Conclusion
Avoidance of large amounts of carbohydrates from higher-GI sources in the evening should be considered in preventive strategies to reduce the risk of type 2 diabetes in adulthood.
Methods
Analyses included DOrtmund Nutritional and Anthropometric Longitudinally Designed (DONALD) study participants who had provided at least two 3-day weighed dietary records (median: 7 records) during adolescence and one blood sample in young adulthood.

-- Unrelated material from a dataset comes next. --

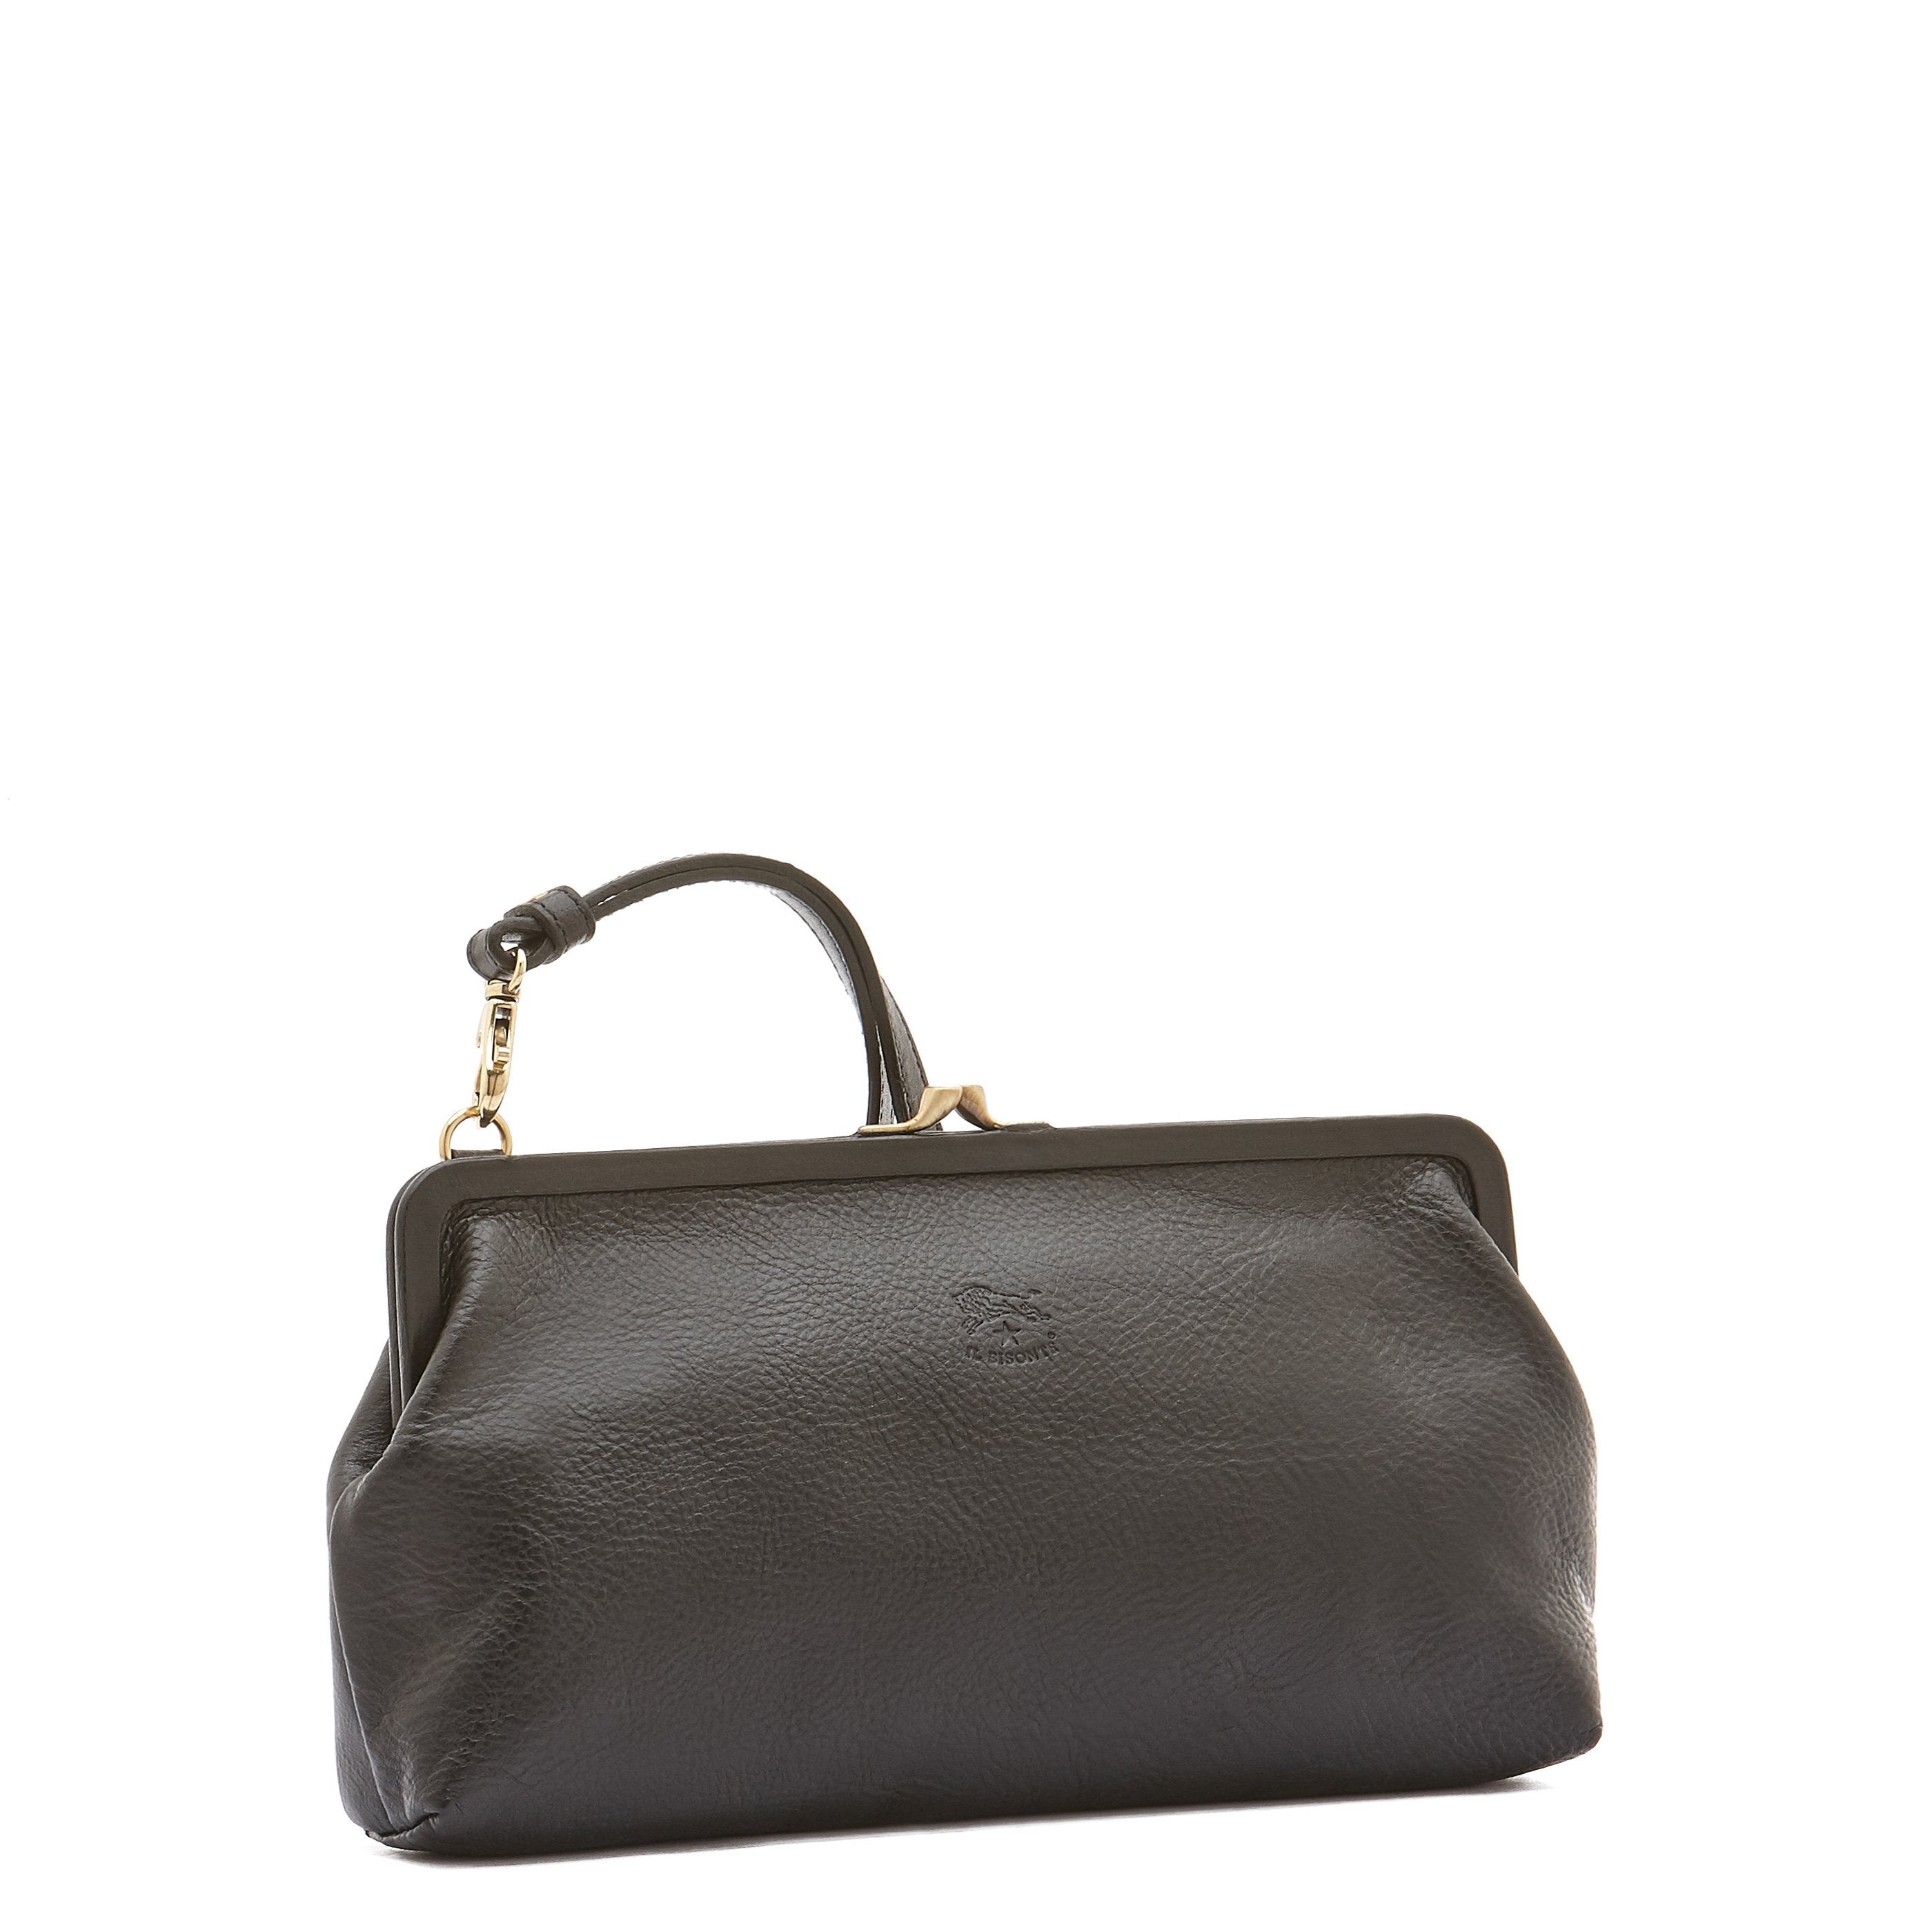 Mm Desire Handbags Clutches - Buy Mm Desire Handbags Clutches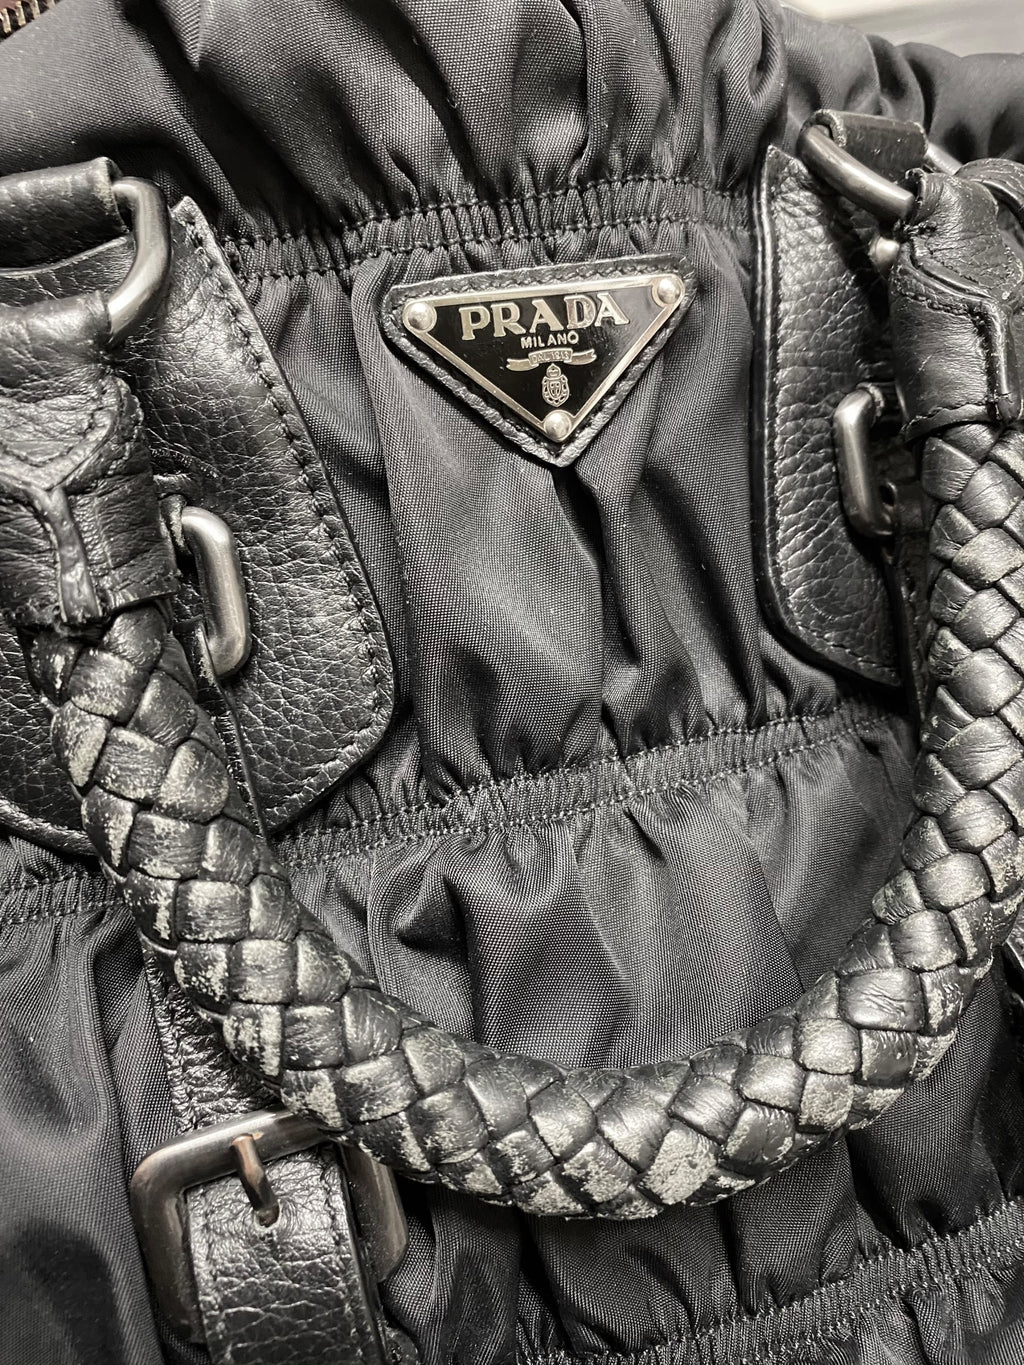 PRADA Tessuto Gaufre Black Nylon & Leather Tote Handbag

Using multivariable linear regression analyses, estimated morning and evening GI, GL, low-GI-CHO (GI < 55) and higher-GI-CHO (GI ≥ 55) were related to insulin sensitivity (N = 252), hepatic steatosis index (HSI), fatty liver index (FLI) (both N = 253), and a pro-inflammatory-score (N = 249).
Results
Morning intakes during adolescence were not associated with any of the adult risk markers. A higher evening GI during adolescence was related to an increased HSI in young adulthood (p = 0.003). A higher consumption of higher-GI-CHO in the evening was associated with lower insulin sensitivity (p = 0.046) and an increased HSI (p = 0.006), while a higher evening intake of low-GI-CHO was related to a lower HSI (p = 0.009). Evening intakes were not related to FLI or the pro-inflammatory-score (all p > 0.1).